WHAT YOU NEED TO DO –
Transcribe only part of the material below: the lines from the one containing "woman in black" through the one containing "Ugg Fluff Yea Slide Slippers Gray", inclusive, exactly as written.

SUPPLIED RECORDS –
::::::::

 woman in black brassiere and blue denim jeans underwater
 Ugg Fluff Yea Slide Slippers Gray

::::::::

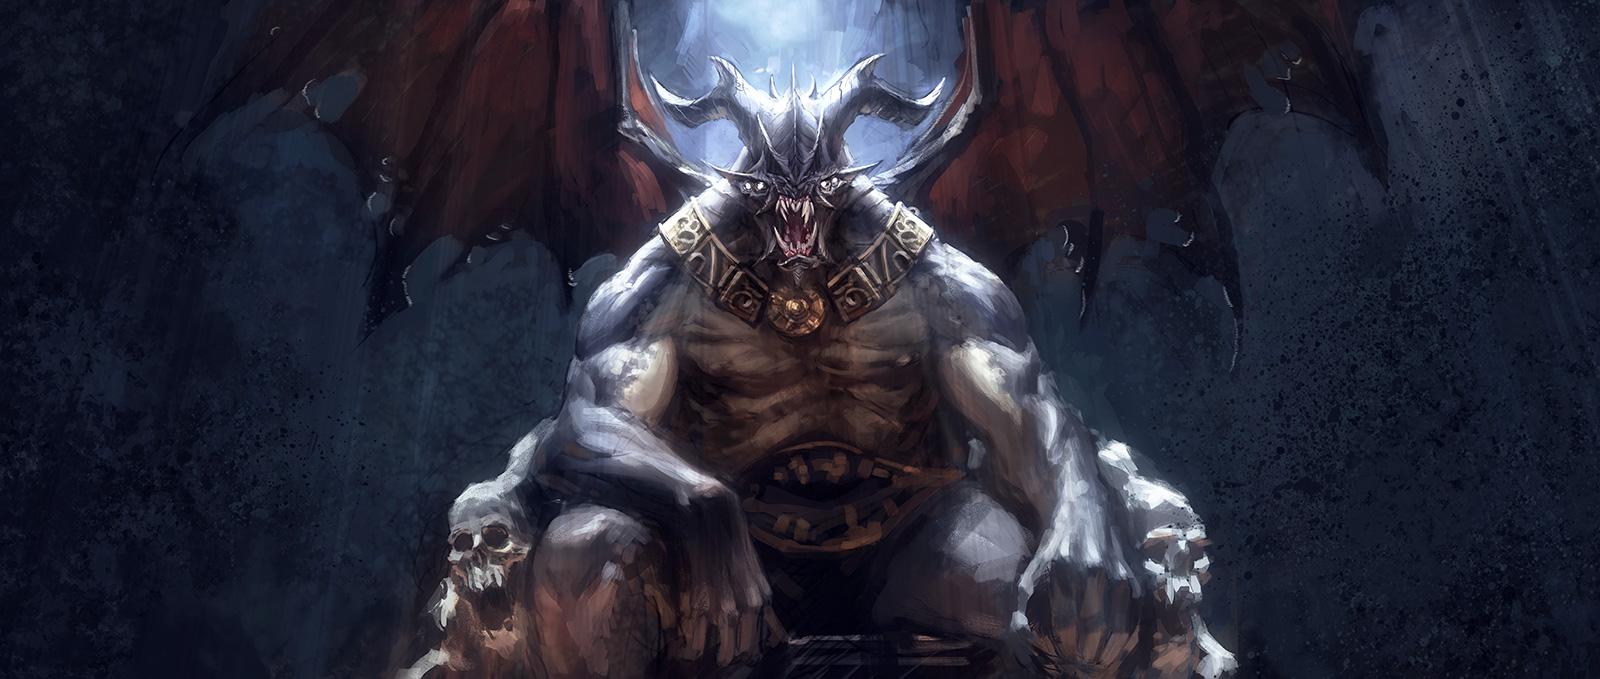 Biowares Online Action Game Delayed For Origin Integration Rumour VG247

::::::::

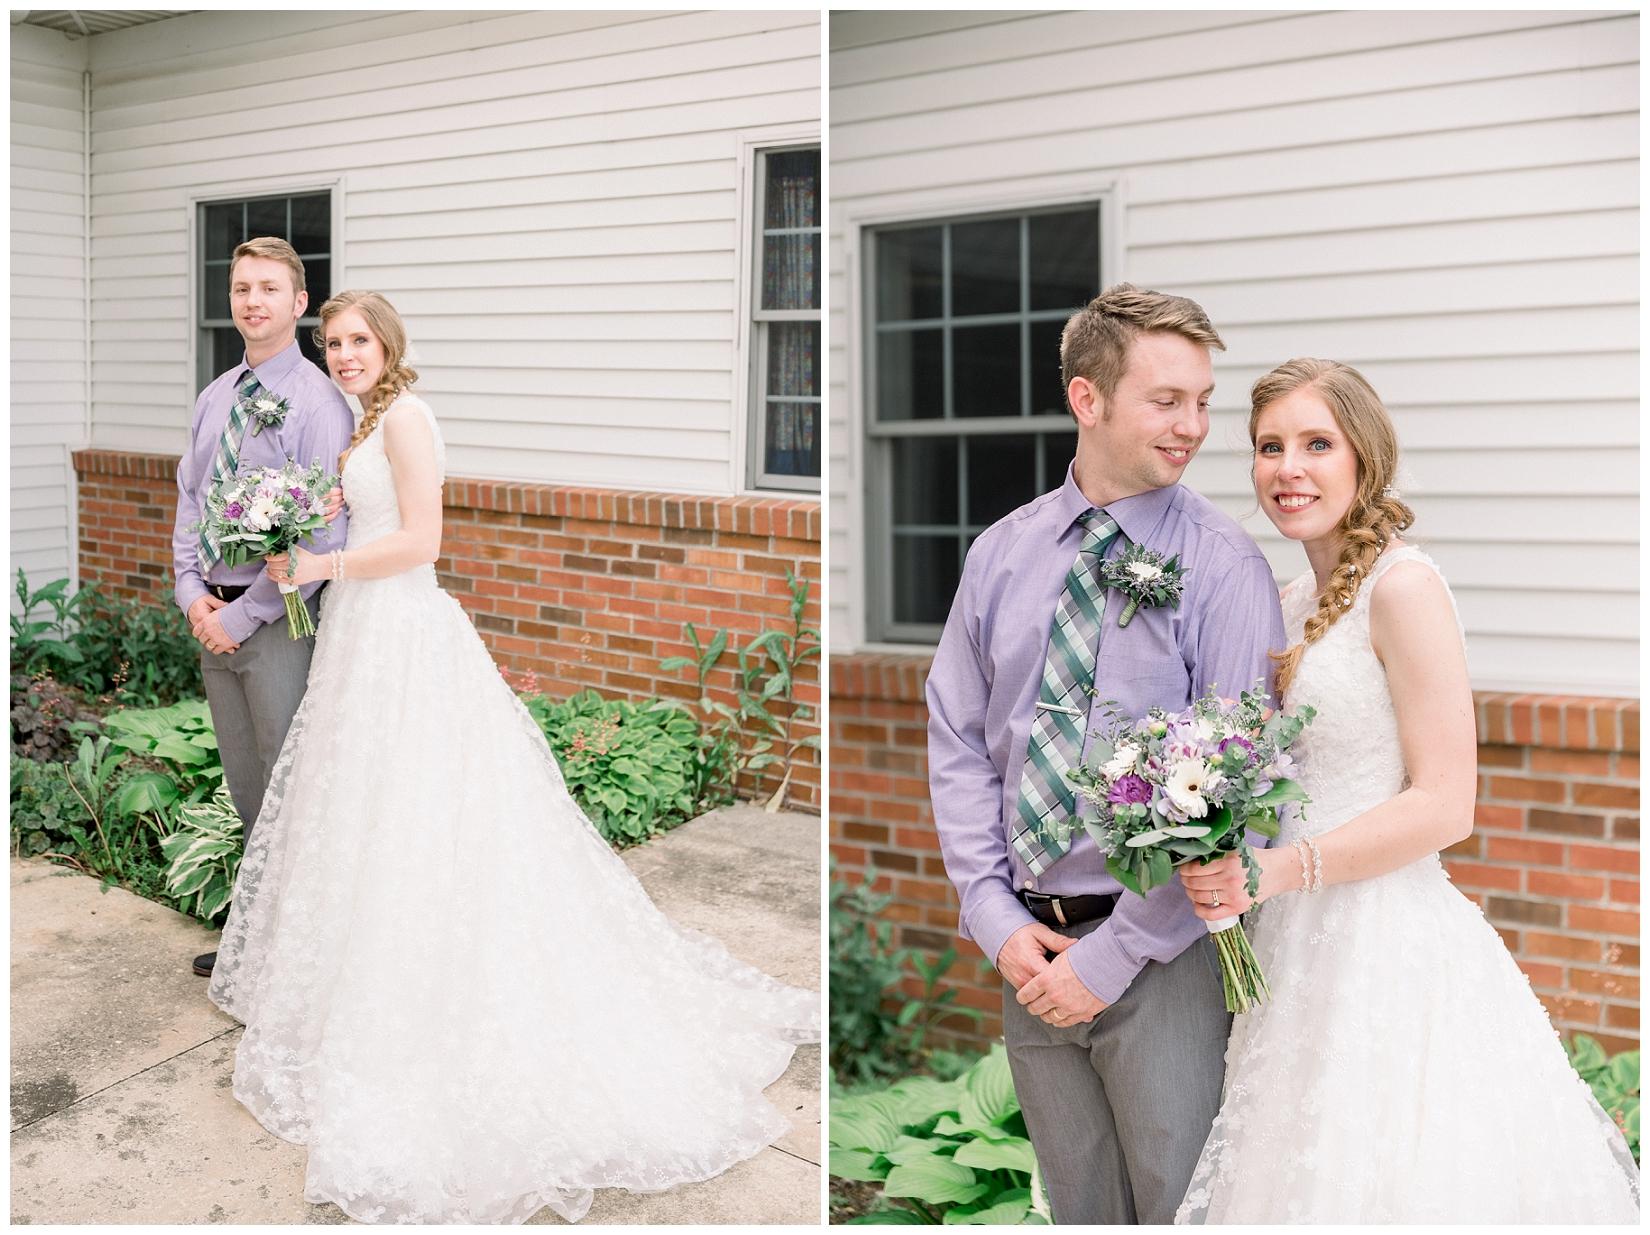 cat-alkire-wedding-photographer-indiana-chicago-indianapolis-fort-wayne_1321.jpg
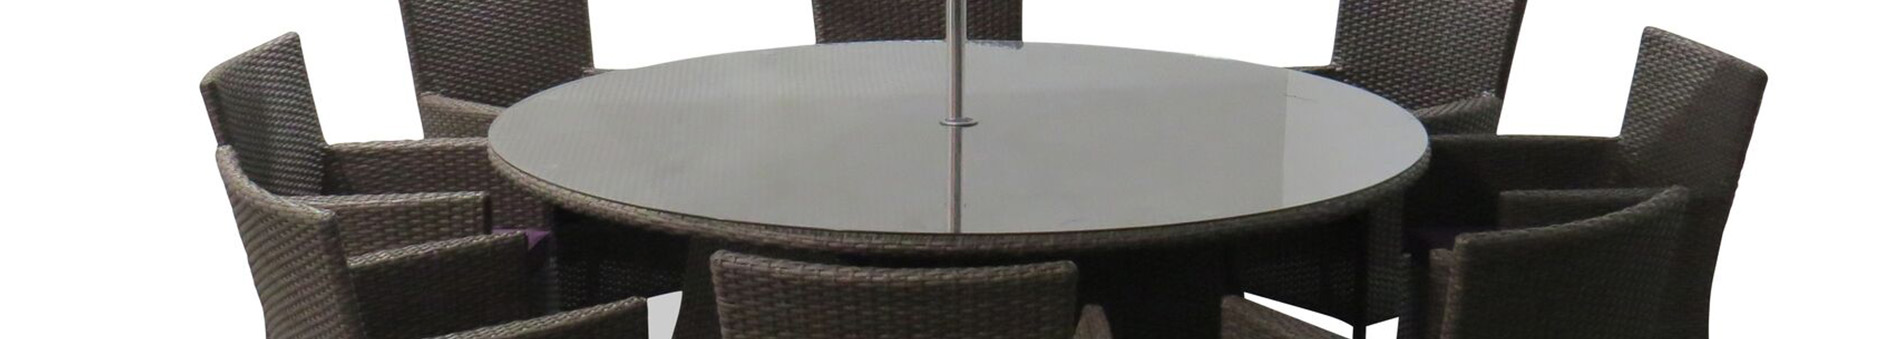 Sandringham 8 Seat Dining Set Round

::::::::

OUTPUT OF THE TASK –
 woman in black brassiere and blue denim jeans underwater
 Ugg Fluff Yea Slide Slippers Gray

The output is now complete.